Gwyn arrives at Solum to press her case with her people, only to find that Asencia has arrived first and has already poisoned the governing council against her. Gwyn goes on the run, meeting a younger version of her own father. Meanwhile, on Voyager, Admiral Janeway reveals the nature of their mission to the young cadets: they will be rescuing Captain Chakotay from the other side of a wormhole leading to the future.
I found the Gwyn story line of this episode to be the more compelling, and kind of surprisingly so. There's unexpected depth to her mission with the Vau N'Akat, as Asencia works to play up her people's isolationist tendencies. I guess it's not surprising that Star Trek would dramatize real world politics like this in a science fiction wrapper, but it does impress me that the writers of Prodigy have managed to do it here in a kids' show in a subtle but effective way.
I also like the twist of having Gwyn meeting a younger and more loving version of her father. Maybe this just stems from wanting to find a way to include John Noble in the second season after he was such a big part of the first, but I enjoy that this time-hopping conceit gives Noble the chance to play almost a different character. The young Diviner, or Ilthuran (as I'll never remember to call him without looking it up), is a nice shake-up of the classic "there is good in the villain" trope -- as there's essentially no evil in the villain yet at this point in time.
Meanwhile, the Voyager part of the story is fun, though I think it does illustrate something I expect to be a recurring issue of season two. The heroes of this kids' show are a bunch of kids. Season one was able to sidestep a lot of issues with this by essentially "removing all the adults from the room." The kids were supervised only by a hologram, and so you never really had to question why they were involved in plot (they were driving it), and why they got away with making foolish mistakes as kids do (no one was around to stop them).
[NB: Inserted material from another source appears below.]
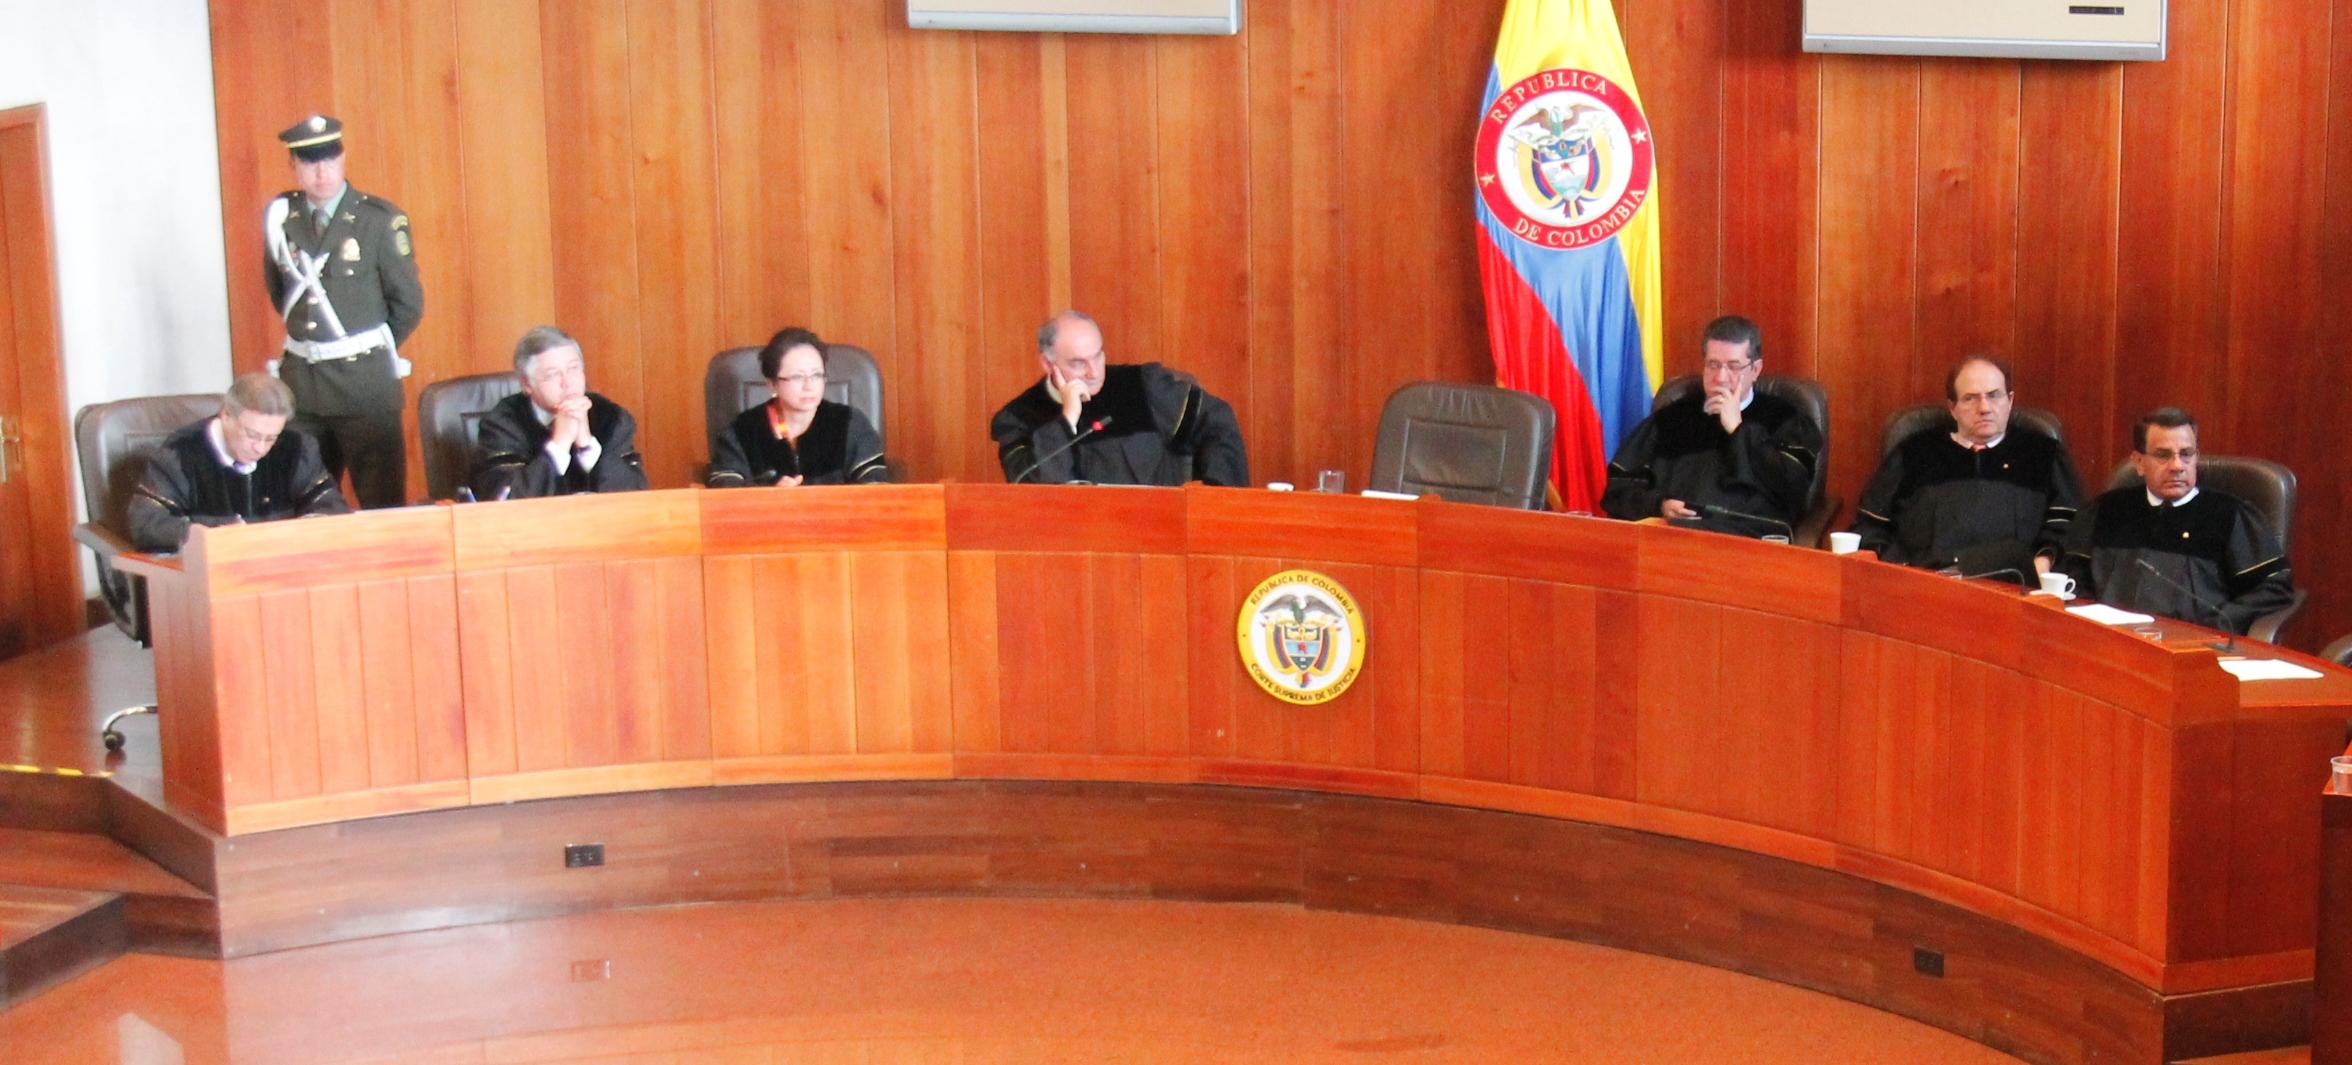 Resultado de imagen para corte suprema de justicia de colombia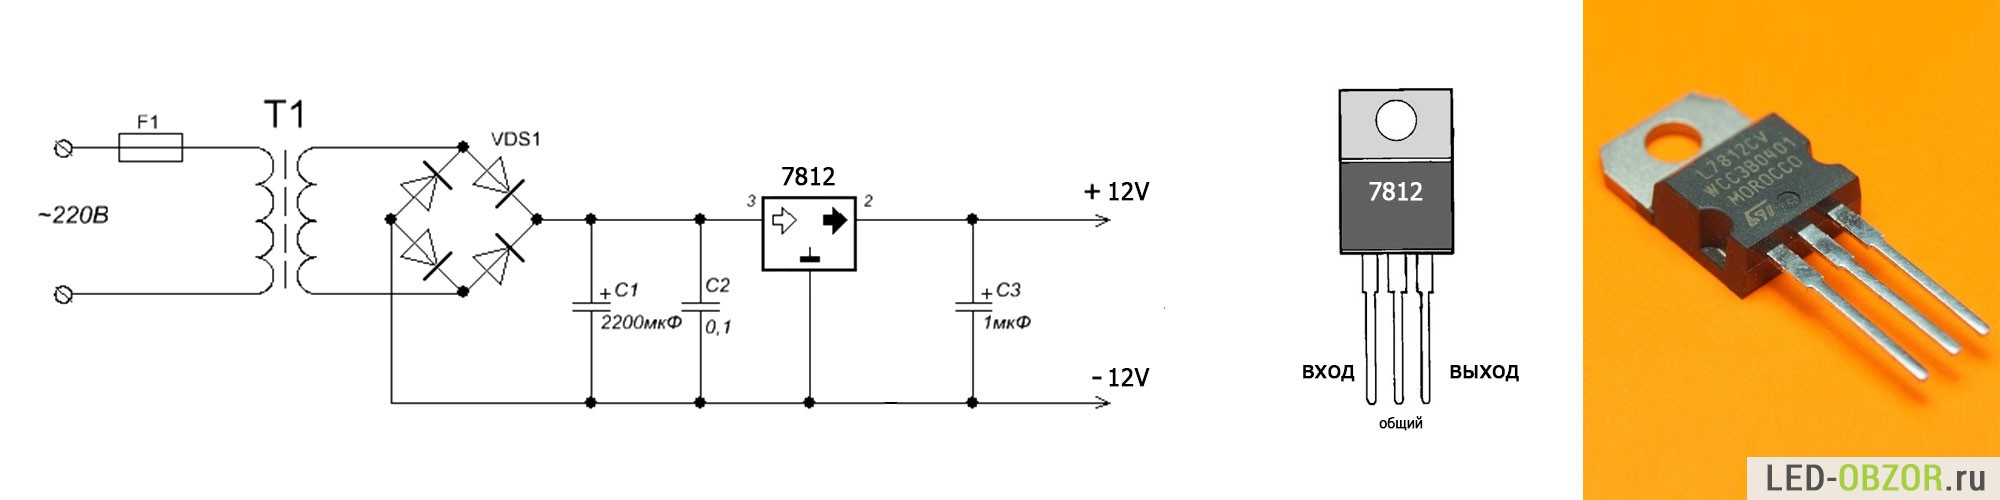 Драйвер 12в для светодиодов своими руками 88

Now that the former Protostar crew is interacting with adults on a regular basis, these things might become a "problem" for the show. Well, at least... I think we're just going to have to learn to overlook this issue because that's the nature of Star Trek: Prodigy. Once Admiral Janeway finds out that these cadets know about her secret shuttlebay and its contents, she could confine them all to quarters (or something) to keep the secret safe. Instead, she "reads them in"; it makes no sense objectively, but it's necessary to involve the main characters of this series in the story. When they accidentally launch the shuttle at the end of the episode with most of them on board, this is what has to happen for the main characters to be at the center of the plot... and we just have to accept that there's nothing the adults could have done to stop it. (Just as later, we're going to have to accept that they won't really be "punished" for anything bad that comes of it.)
I admit, I'm probably going to stumble on that "looking the other way" for a while here. But at least this is the second season of Prodigy and not the first. I've already had time to grow to like a lot of these characters. The nominal leader Dal is kind of the worst (but that seems to be the formula for a lot of kids' shows), but I really like the earnest enthusiasm of Rok-Tahk, the odd melancholy of Zero, and even at times the cutesy antics of Murf and Jason Mantzoukas-ness of Jankom Pog. (Of course, I like Gwyn quite a lot, though she's siloed in her own separate story for now.) Basically, these characters all have a track record of accomplishment to remember in any future moments when their child-like antics infuse artificial jeopardy into episodes.
Overall, I quite liked this episode and the story it seems to set up for the future. I give "Into the Breach, Part II" a B+.